It’s Not a Felony to Be Homeless, Wisconsin Supreme Court Holds

As William Dinkins, a Wisconsin sex offender, approached the date of his release from prison, he was obliged by state law to provide an address at which he would be residing upon his release.  The problem is that he did not have a home, and there was no one willing to take him in.  Despite his efforts and those of a social worker to line up a place for him to live, when he missed the deadline to report a post-prison residence, the state prosecuted him under Wisconsin’s sex-offender registration law, which makes it a felony for a sex offender to “knowingly fail[] to comply with any requirement to provide information.”

The trial court found Dinkins guilty as charged and gave him 90 days in jail.

Although framed as a “failure to provide information,” Dinkins was, for all intents and purposes, convicted and punished for being homeless.  Or more precisely, I suppose, he was punished for being a homeless sex offender.  Either way, this seems functionally a status crime, and status crimes are unconstitutional under Robinson v. California, 370 U.S. 660 (1962).

 

Perhaps with an eye to this problem, the state argued that Dinkins could have, and should have, listed a park bench as his residence.

A park bench?  It’s not clear to me how a prisoner reserves a park bench.  (It’s not even clear to me how a non-prisoner reserves a park bench.)  This sounds like an invitation for the prisoner just to make something up.  Is this a setup?  Do we then prosecute the prisoner when he is not at his designated park bench after release?

The Wisconsin Supreme Court wisely rejected the state’s proposal earlier this week in State v. Dinkins, 2012 WI 24.  Invoking the principle that statutes must be interpreted “reasonably, to avoid absurd or unreasonable results,” the court held:

It is unreasonable to think that the legislature intended that a registrant be prosecuted for a Class H felony, which carries a maximum sentence of six years in prison, for failing to provide information which the registrant was unable to provide.  (¶ 49)

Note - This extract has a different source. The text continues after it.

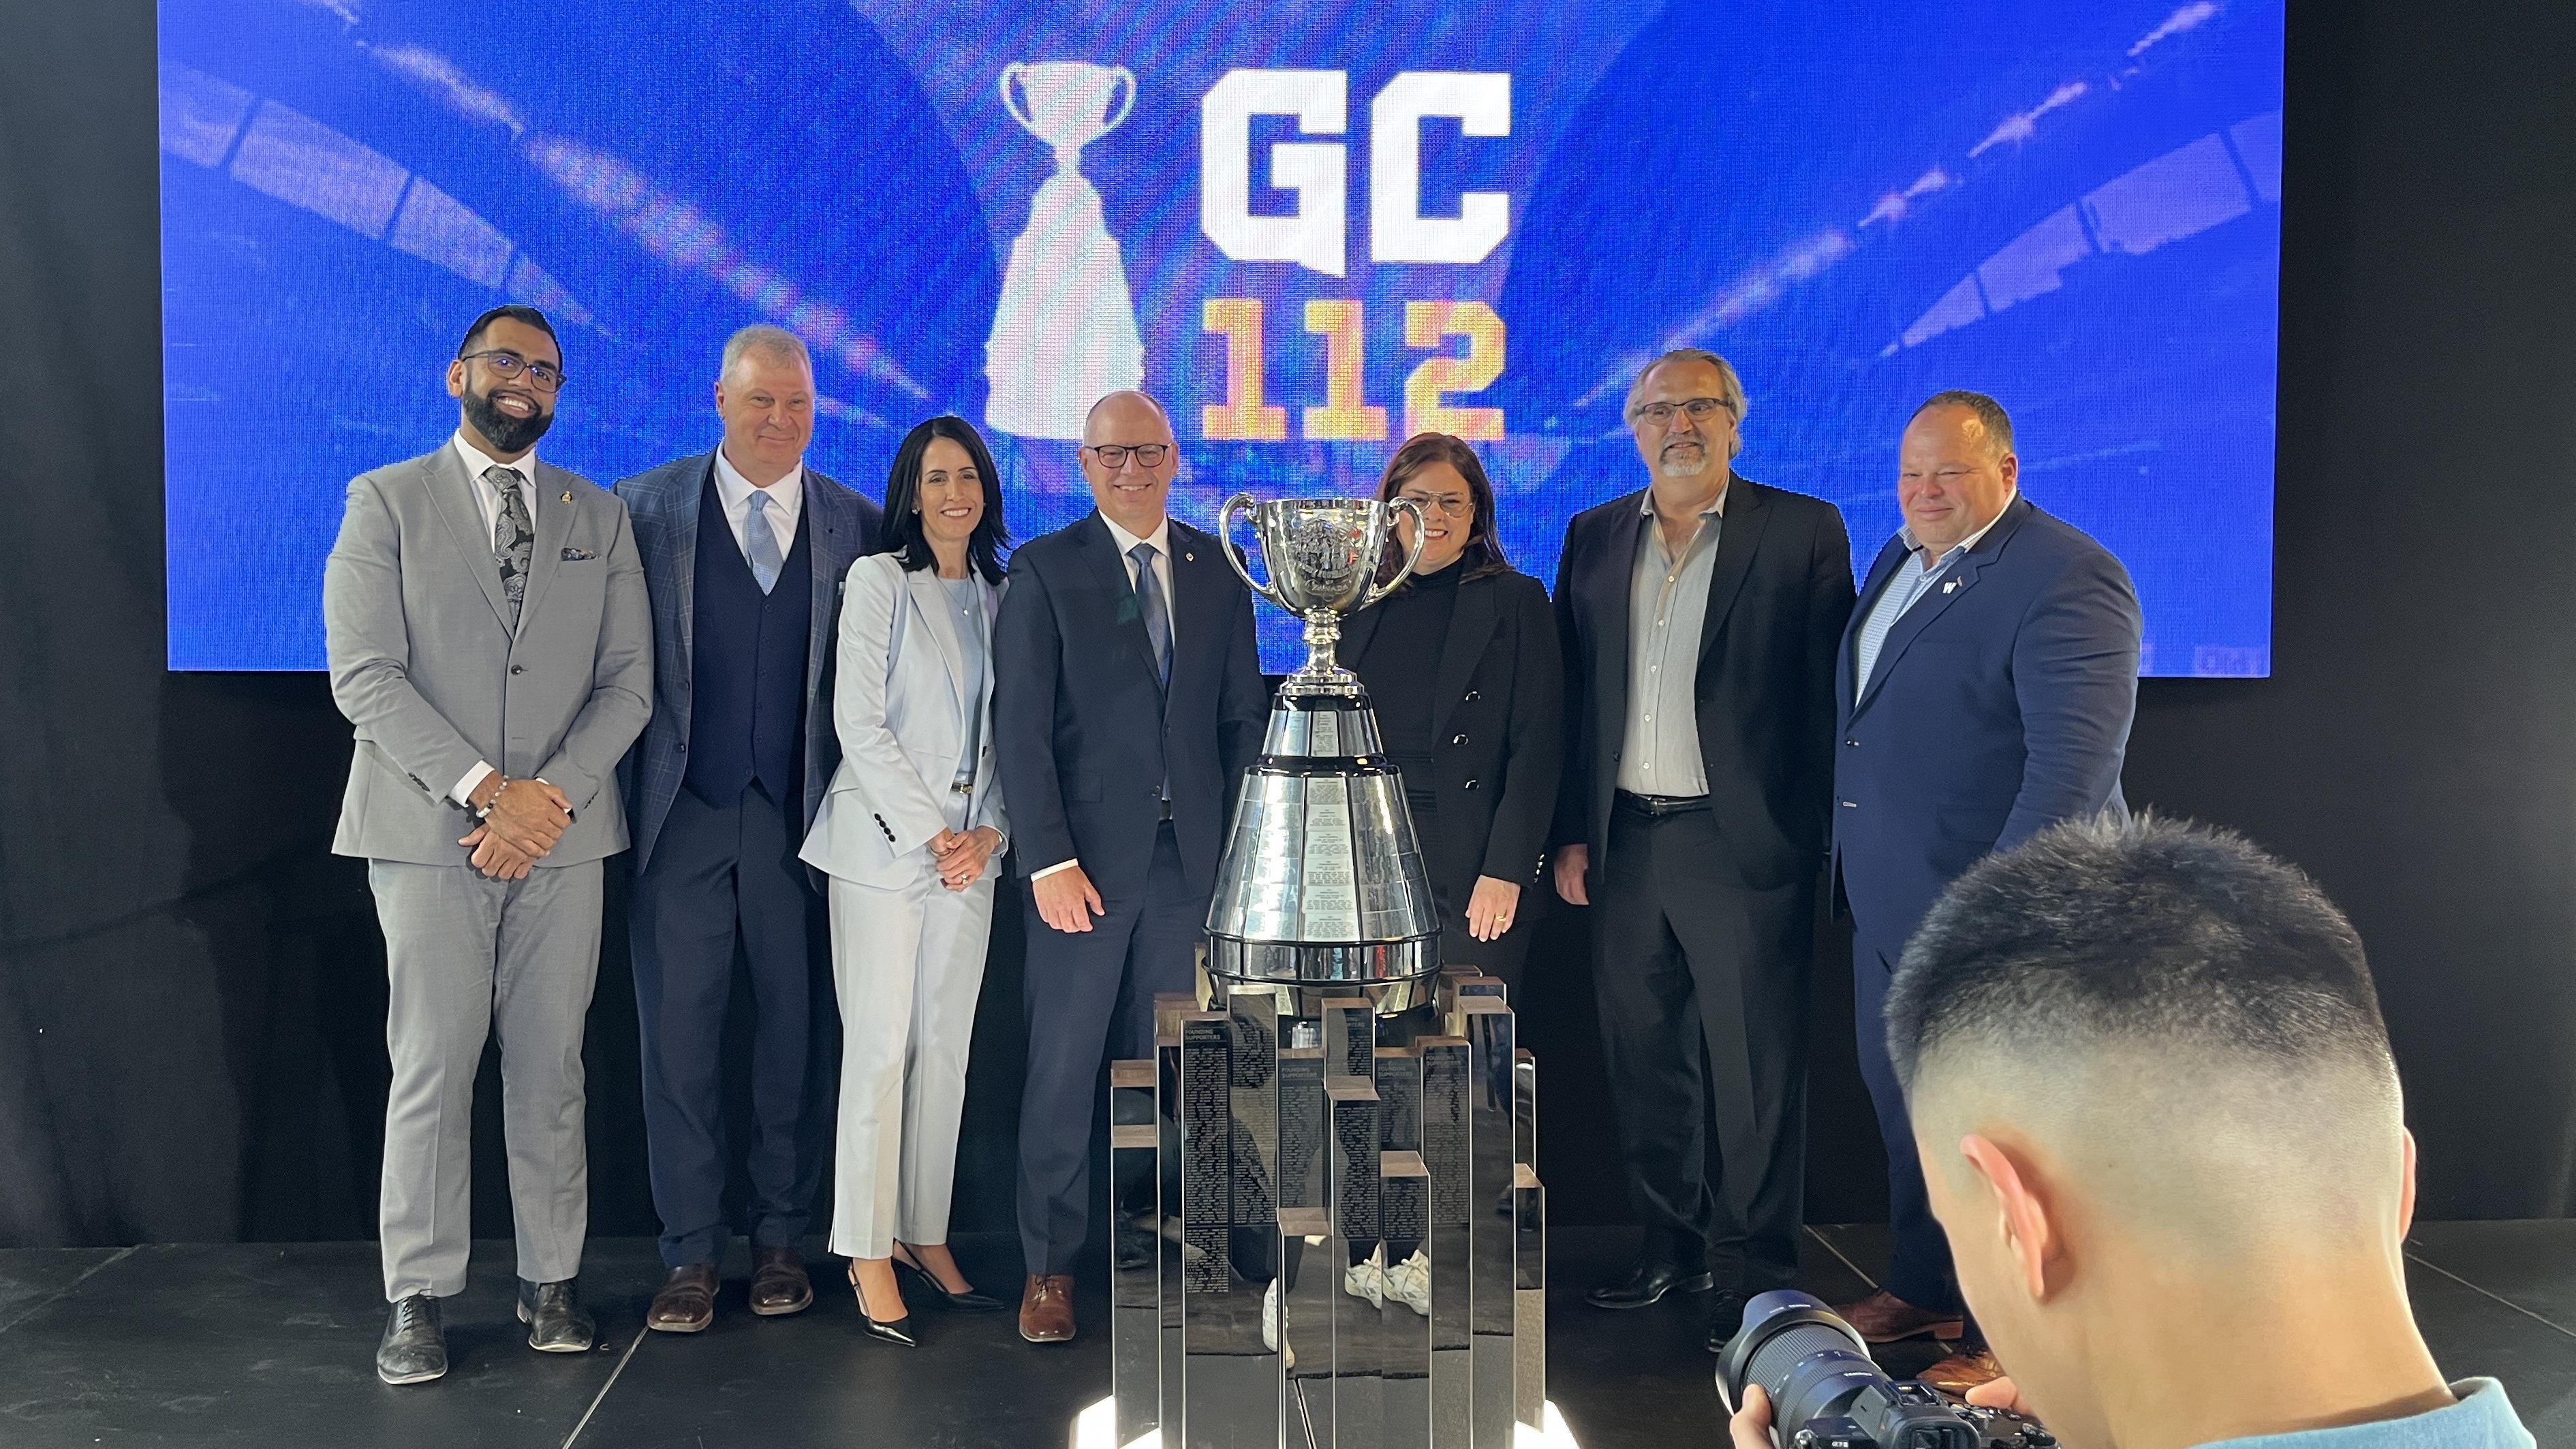 Coupe Grey 2025 : le choix s'arrête sur Winnipeg
Coupe Grey 2025 : le choix s'arrête sur Winnipeg

The court noted that a contrary interpretation would authorize punishment not only for homelessness, but also for unemployment, because prisoners are required to disclose where they will be working upon release.  (¶ 50)

The dissent worried that the majority’s holding would create an opportunity for dangerous sex offenders simply to disappear after release.  However, the majority observed that another provision of the statute created a safeguard:

¶40 Exercising its authority under this statute, the [Department of Corrections] can require a registrant who is unable to provide an address to report to a local police station upon release. If, upon reporting to the police station, the registrant continues to be unable to provide an address, the DOC can require him to continue reporting to the police station on a regular basis until he is able to do so. Meanwhile, it can require the registrant to provide information about the places he is frequenting.

Of courses, in cases of particular dangerousness, civil commitment also remains available as an option.